The inventive process leads to improved router performance. At
times when the router is receiving too much data, the inventive
process allows the router to make intelligent decisions about which
connection tracks to route and which connection tracks to drop. For
example, assume that the router can only route N streaming videos
at any given time and still deliver the streaming video to
endpoints in real time. If the router is receiving M connection
tracks that each contain streaming video, where M is greater than
N, than the router can proactively drop M-N of the connection
tracks in order to deliver the N connection tracks in real
time.
[0037] FIG. 1 details an exemplary system that supports the
functionality described above. In particular, FIG. 1 illustrates a
network 100 in which a network switch 16 of router 102 connects
start points 104A with endpoints 104B. Each of devices 104 can be
any network device, such as a computer, a printer, another network
switch, or the like. Switch 16 transfers (routes) data, such as
connection tracks, between devices 104 over channels 106A and 106B,
and can also handle an arbitrary number of devices in addition to
the devices 104 depicted in FIG. 1. Channels 106 can include fiber
optic links, wireline links, wireless links, and the like. In some
embodiments, router 102 is a packet router. In some embodiments,
router 102 is a flow router.
[0038] An exemplary router 102 comprises:
[0039] a central processing unit or other form of microcontroller
14;
[0040] a system memory 30, for storing system control programs,
data, and application programs; system memory 30 may also include
read-only memory (ROM) or other forms of computer readable media
such as a hard disk drive;
[0041] switch circuitry 16 for routing packets and/or flows;
[0042] an internal bus 18 or other electronic communication system
for interconnecting the aforementioned elements; and
[0043] a power source 12 to power the aforementioned elements.

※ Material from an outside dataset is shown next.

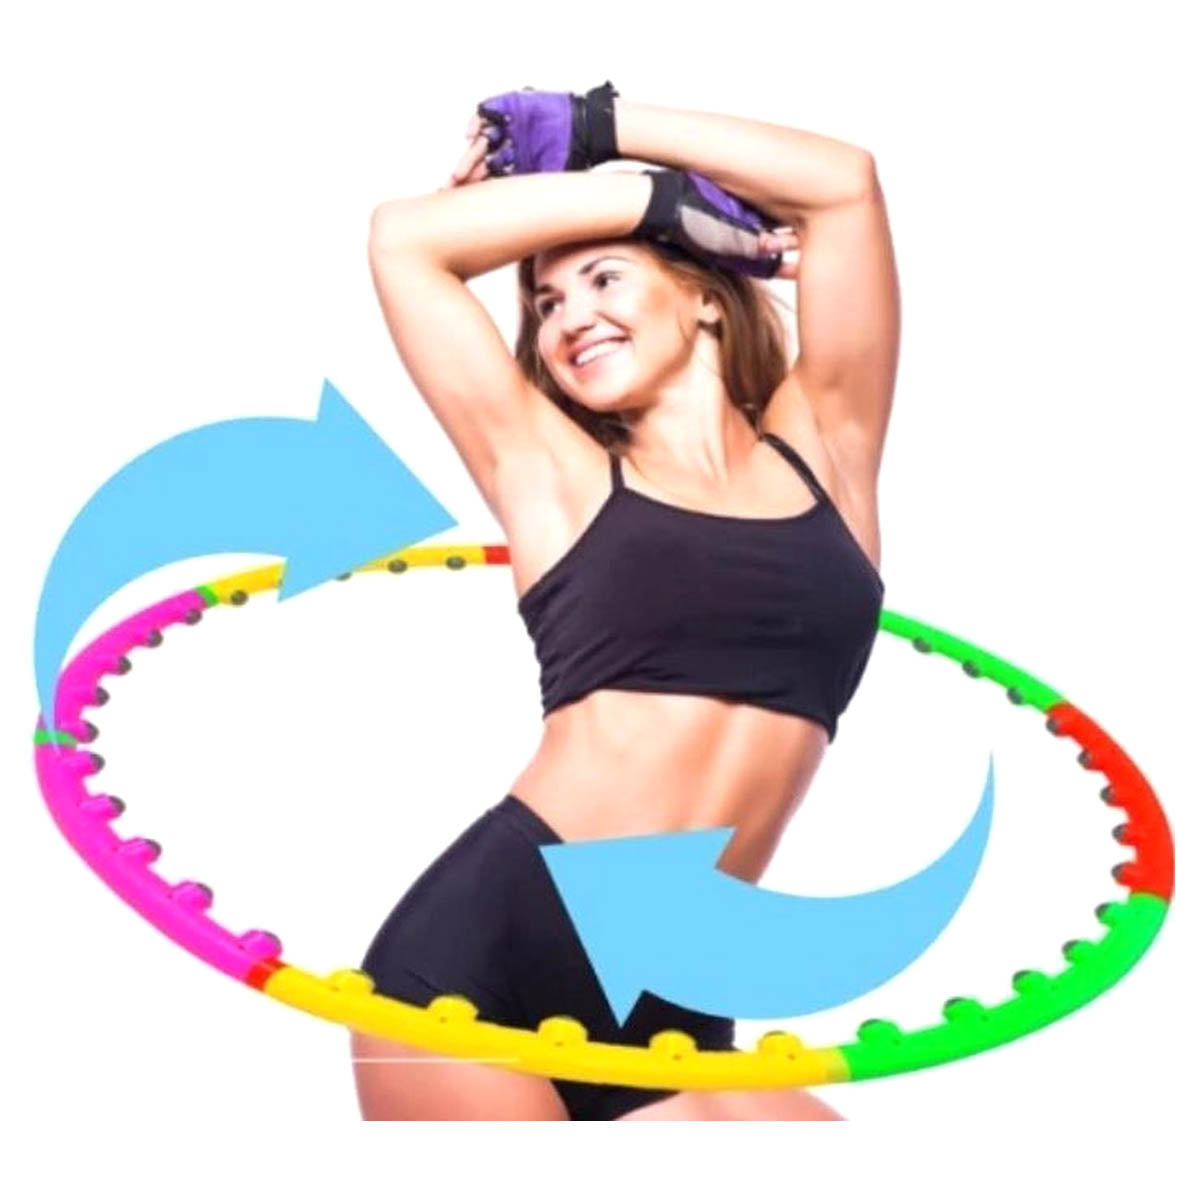 <tc>Ariko</tc> Fitness Massage hoop Ø 98cm | 1 kg | With 40 magnetic balls | Hula Hoop | Sports Hula Hoop | Weighted Hoop | Sports Hoop | Fat burning | Fitness | Rainbow
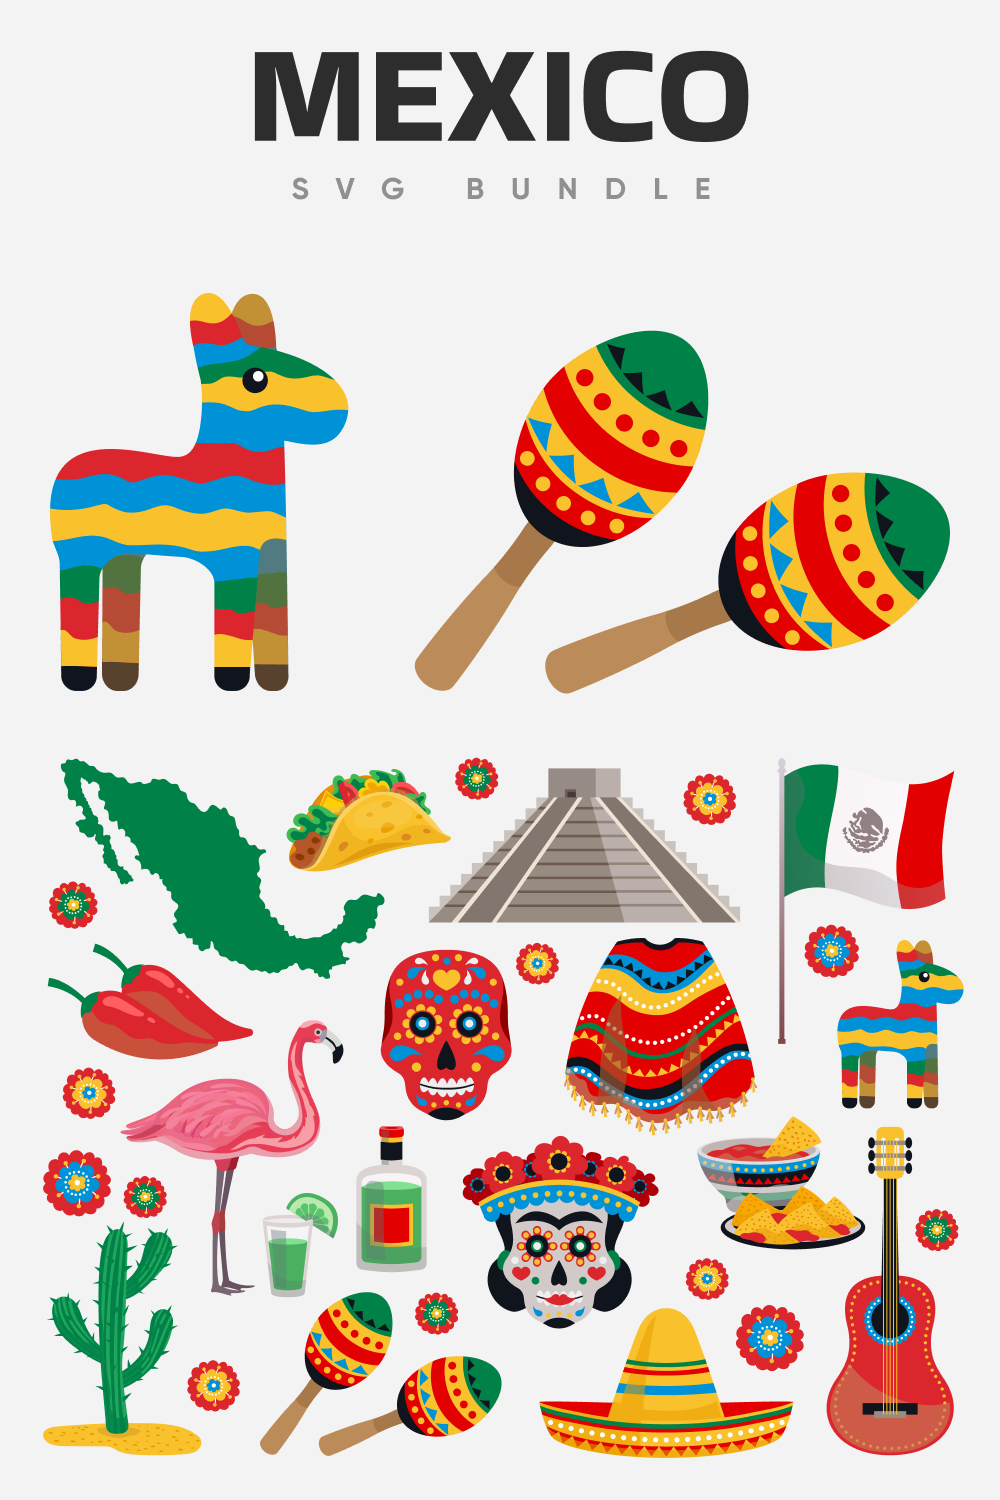 Mexico SVG bundle.

[0044] As illustrated in FIG. 1, memory 30 includes a connection
track control module 32 for assigning QoS parameters to a
connection track based on the data type of the message contained
within the connection track. In some embodiments, connection track
control module 32 includes instructions for performing any of the
methods disclosed herein. Memory 30 further includes a lookup table
34 that can be used to store the QoS parameters 42 of each of the
connection tracks 38 that the router 102 is routing at any given
time. Lookup table 34 can optionally further store the message data
type 40 of each of the connection tracks 38 that the router 102 is
routing at any given time. Each of the data structures in memory
30, including lookup table 34 and each of the connection track data
structures 38 can comprise any form of stored data including, but
not limited to, flat ASCII or binary files, a relational database
(SQL), or an on-line analytical processing (OLAP) database (MDX
and/or variants thereof). Furthermore, such data structures can be
stored in router 102 and/or in a device that is in electronic
communication with router 102 over a wide area network such as the
Internet, or a local network.
[0045] FIG. 3 shows a network 300 that is identical to that of
network 100 of FIG. 1 with the exception that more details are
given for the connection between router 102 and start points 104A
in accordance with a particular exemplary embodiment. In the
particular exemplary embodiment illustrated in FIG. 3, data from
start points 104A is provided to router 102 through Internet
Service Provider (ISP) 302. Internet Service Provider 302 includes
one or more network switches 304 that routes electronic information
(e.g., data packets) from start points 104A to router 102 across
line 306. Router 102 then routes the packets to end points 104B. Of
course, end points 104B can communicate electronic information to
start points 104A through the reverse path. In typical embodiments,
line 306 is characterized by an access speed that is set by ISP
302. For example, ISP 302 may set a download speed (data flowing to
router 102) and a different upload speed (data flowing to ISP 302
from router 102). For example, the download speed may be set at 56
kbits/sec, 64 kbits/sec, 256 kbits/sec, 1.5 Mbits/sec, 5 Mbits/sec,
6 Mbits/sec, 7 Mbits/sec or higher. Upload speed may be set
dependently or independently of download speed at 56 kbits/sec, 64
kbits/sec, 256 kbits/sec, 1.5 Mbits/sec, 5 Mbits/sec or higher.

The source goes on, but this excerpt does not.